When rain falls on the surface of the ground, some of it runs off the land into lakes and streams (runoff),
and some soaks into the ground (infiltration). Groundwater moves slowly between the grains of soil or
in cracks in rock until it reaches a point where it can discharge at the surface, such as a lake, stream or
wetland, or until it is withdrawn from a well. It then becomes surface water again.
Groundwater is stored underground in the pore spaces of saturated soil and rock materials. An
underground unit of soul or rock which can yield a significant quantity or groundwater is an aquifer.
Aquifers are not always uniform because of differences in composition or in properties. Aquifers may be
separated by layers which do not transmit much water. These layers are called confining layers. If the
confining layer exists above an aquifer which is fully saturated, this aquifer is called a confined or
artesian aquifer. Aquifers without a confining layer above them are called unconfined aquifers.
Demonstration
By using the groundwater simulation system students will see how water moves through groundwater
and is discharged at the surface into rivers, lakes, streams and wetlands.

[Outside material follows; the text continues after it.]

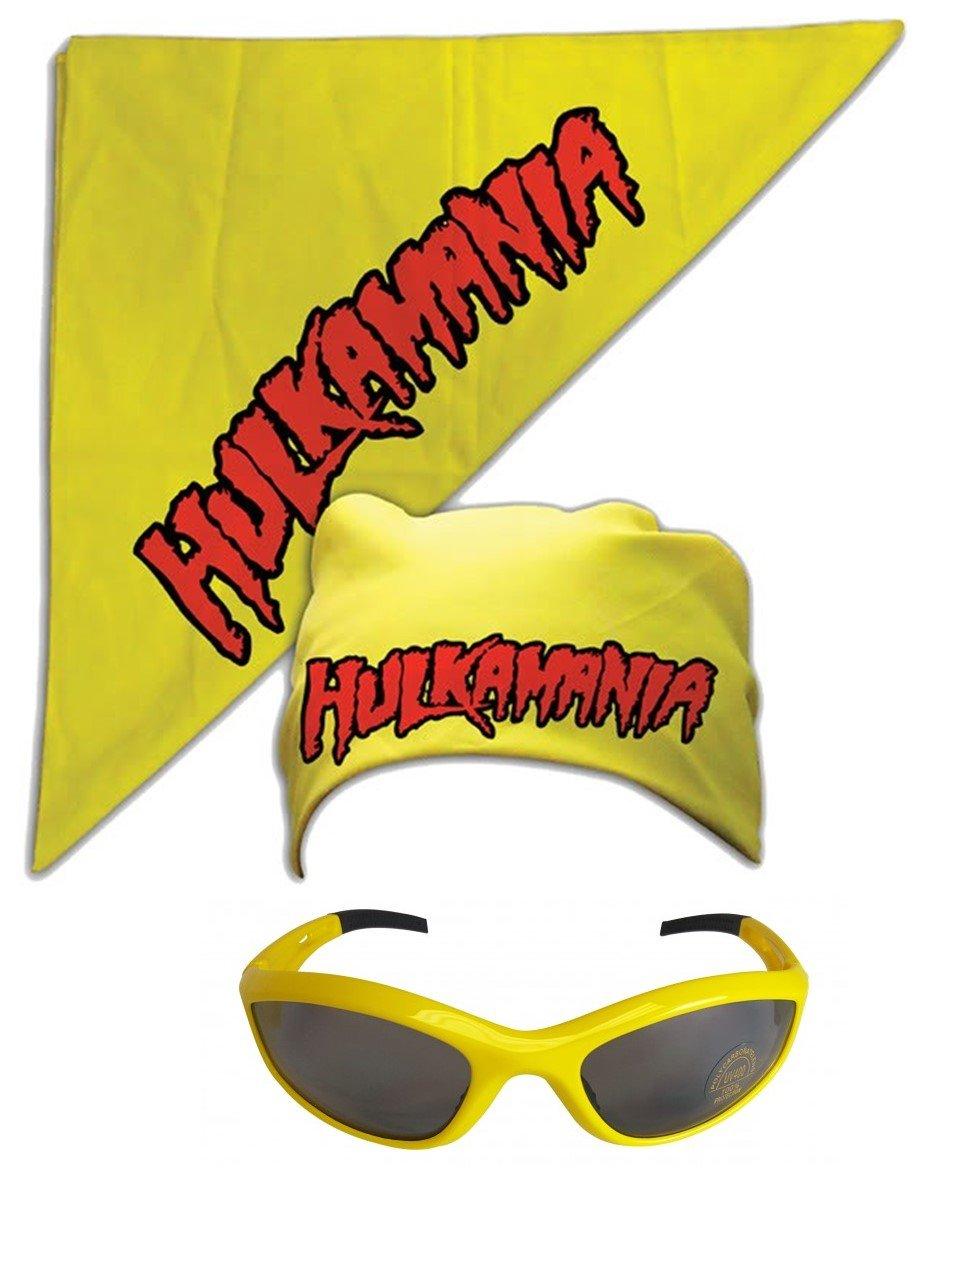 Hulk Hogan Hulkamania Bandana Sunglasses Costume -Yellow-Yellow

1. Charge the groundwater simulator. Do this by placing both water bottles on either end of the
model and allow the model to fill until water stops flowing into the model. Refill the water
bottles and place back on the system.
2. Inject blue die into piezometers B, F, and G. Add dye until it reaches the bottom of the
piezometer.
3. Fill the remaining piezometers with red dye.

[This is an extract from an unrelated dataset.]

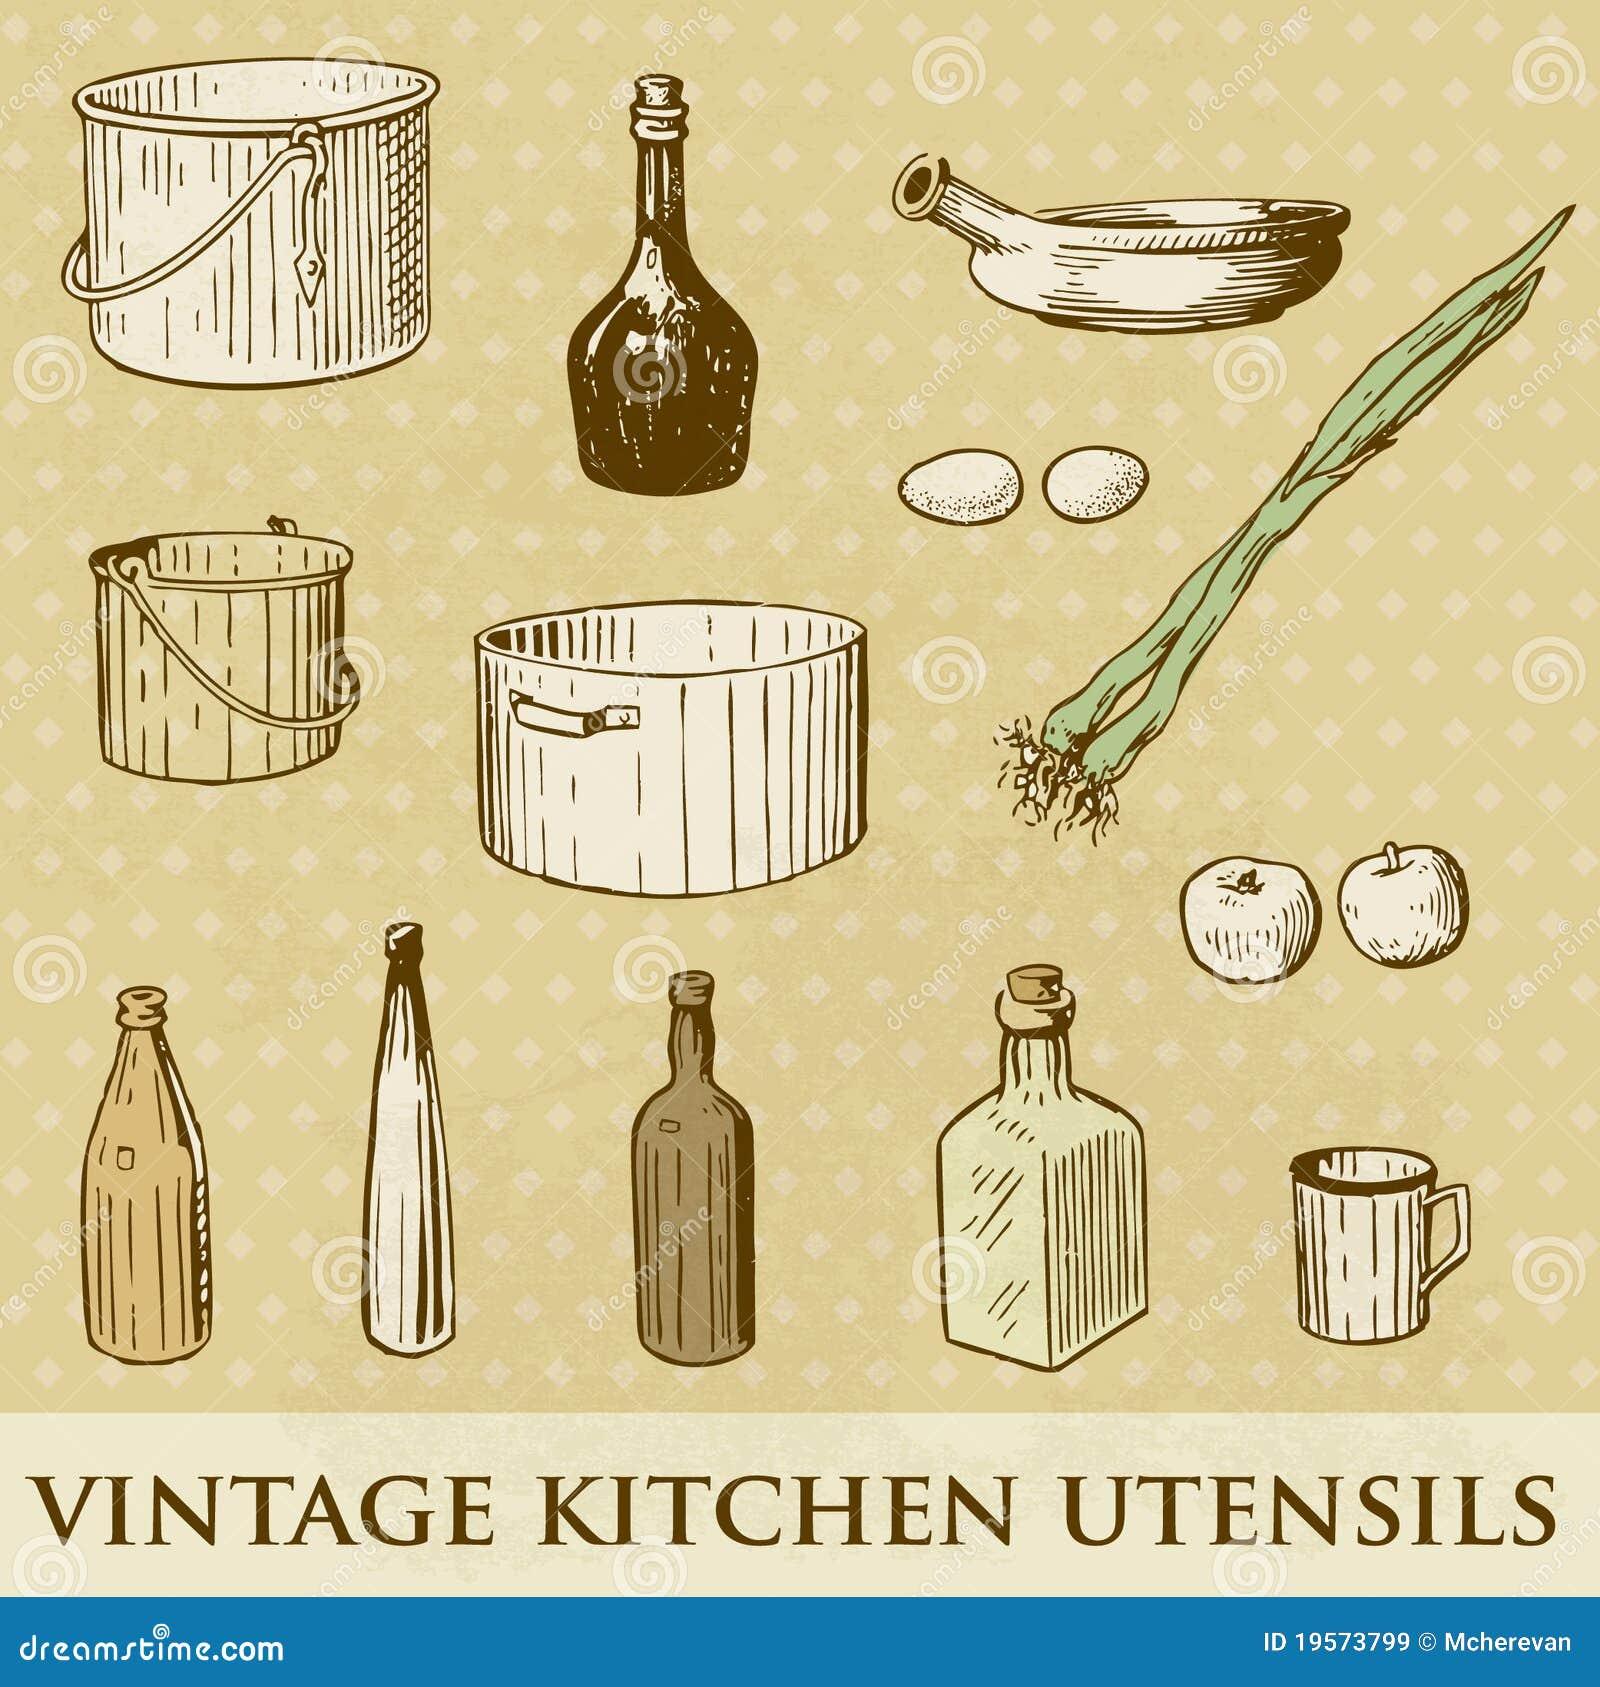 Vintage Kitchen Utensils Images: Set Of Vintage Kitchen Utensils Royalty Free Stock Images

4. With all piezometers now injected, place the tube extending from the lake/stream outlet into a
bucket. Slowly open the tube so that only a small amount of water flows out. Refill the water
bottles as needed.
As the water drains out, ask students to notice what happens to the water levels in the piezometers (if
you want to mark where the water levels started as a point of reference). Where is the water level in the
confined aquifer piezometers? How does this differ from the unconfined aquifer piezometers?
Ask students to identify where the water is moving in the ground? The dye should be moving to a
discharge area such as the lake. Once the dye starts to move you can close the lake outlet and to show
the students that the water has changed color. Ask them to identify the color and where the water came
from, the confined aquifer or unconfined aquifer. Students should answer unconfined aquifer. Ask them
why it came from the unconfined versus the confined aquifer?
To get all of the dye out of the simulator open the bottom outlet and close the lake/stream outlet. Inject
clean water carefully into the piezometers to remove all dye from them.